▶ [Assignment]:
Once the line holding "Jira Software und" is found in the entries below, transcribe exactly every line up to and including the one holding "10.31一组手写字-字体传奇网-中国首...", but leave out the pictures.

▶ [Task inputs]:

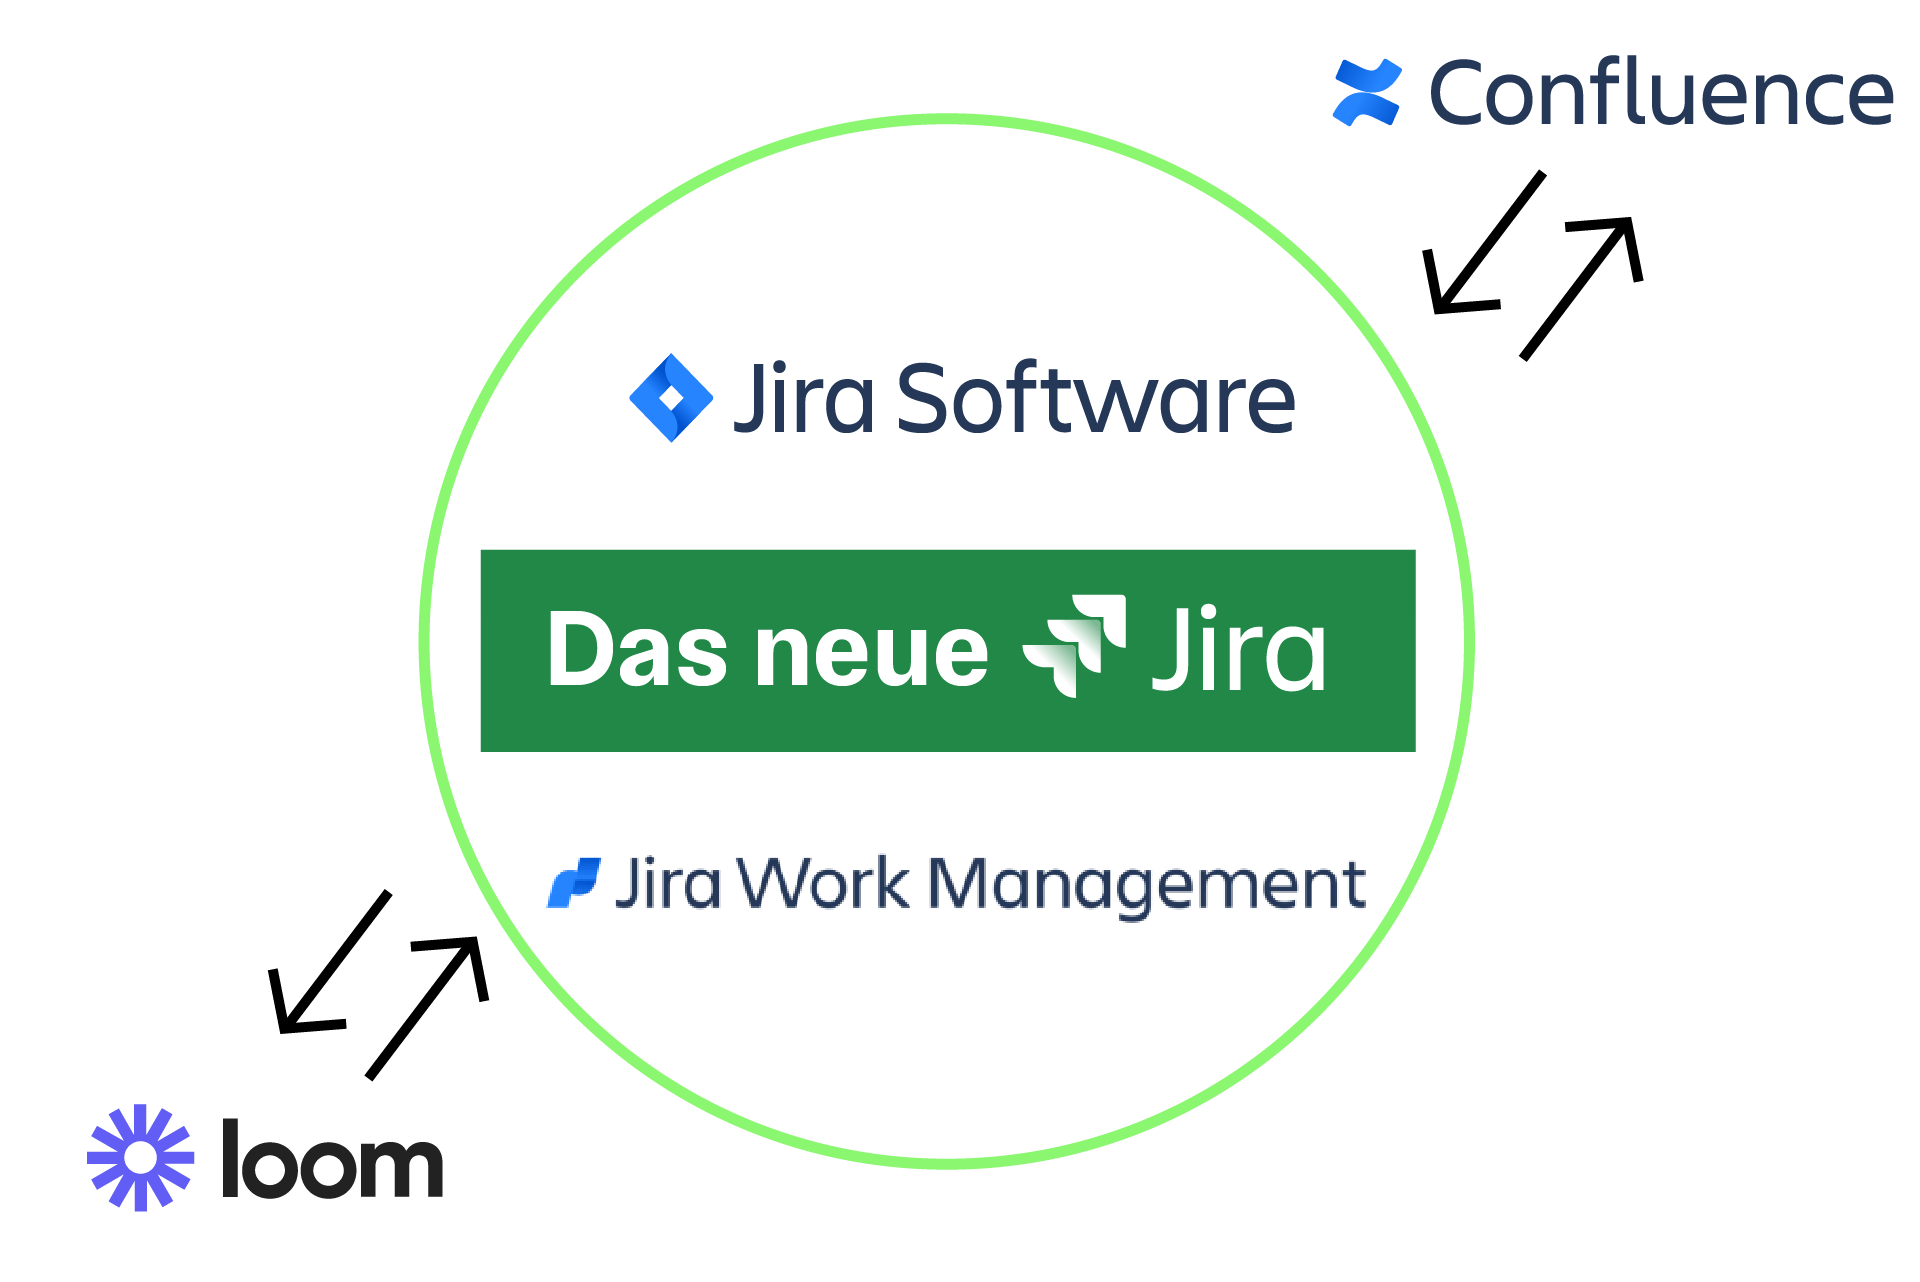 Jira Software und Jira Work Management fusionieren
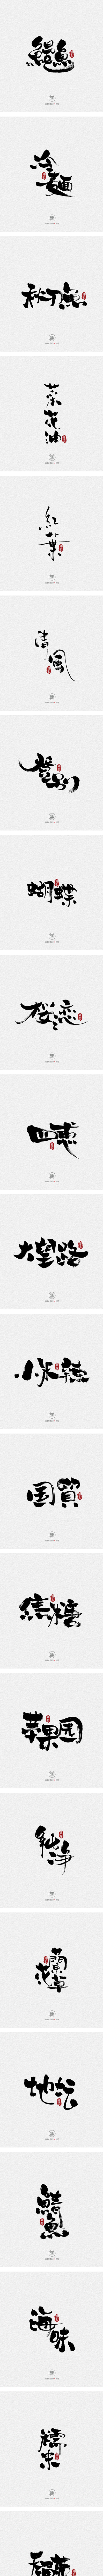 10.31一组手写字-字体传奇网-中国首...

---

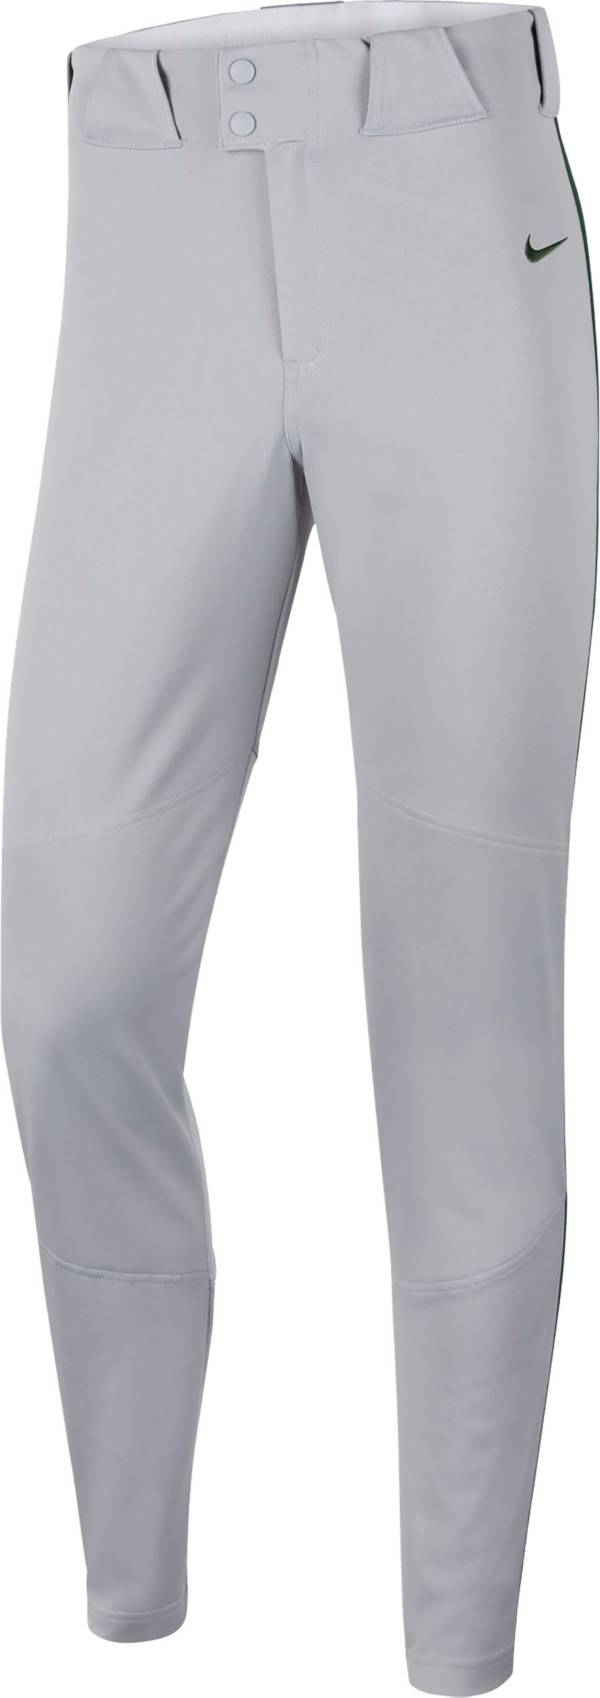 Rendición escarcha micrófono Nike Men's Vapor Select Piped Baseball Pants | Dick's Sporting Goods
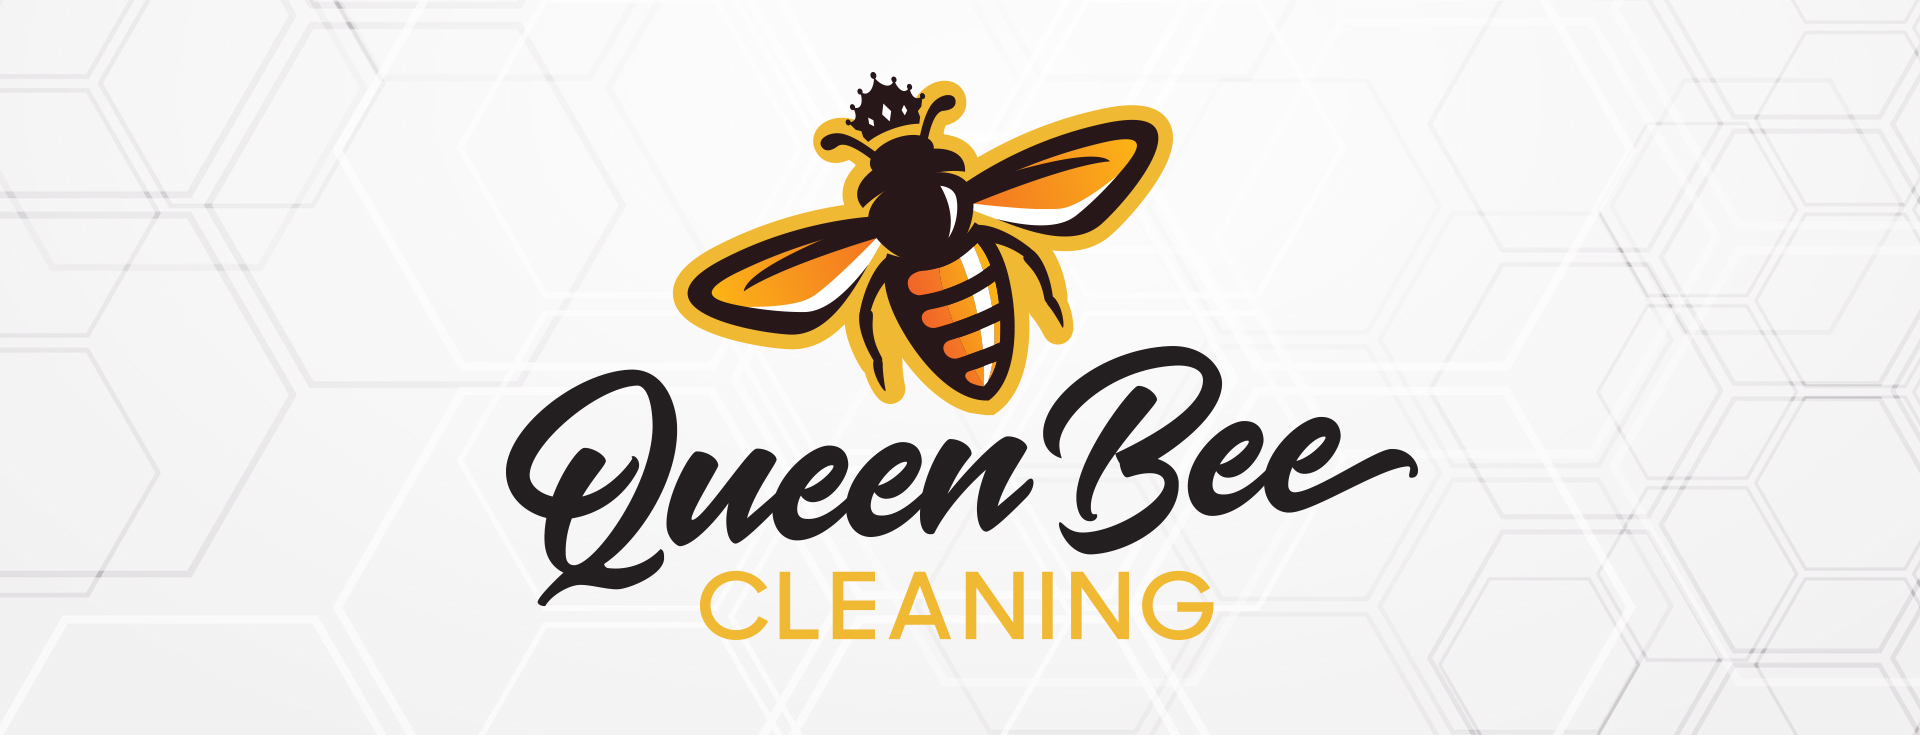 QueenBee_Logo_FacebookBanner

▶ [Solution]:
 Jira Software und Jira Work Management fusionieren
 10.31一组手写字-字体传奇网-中国首...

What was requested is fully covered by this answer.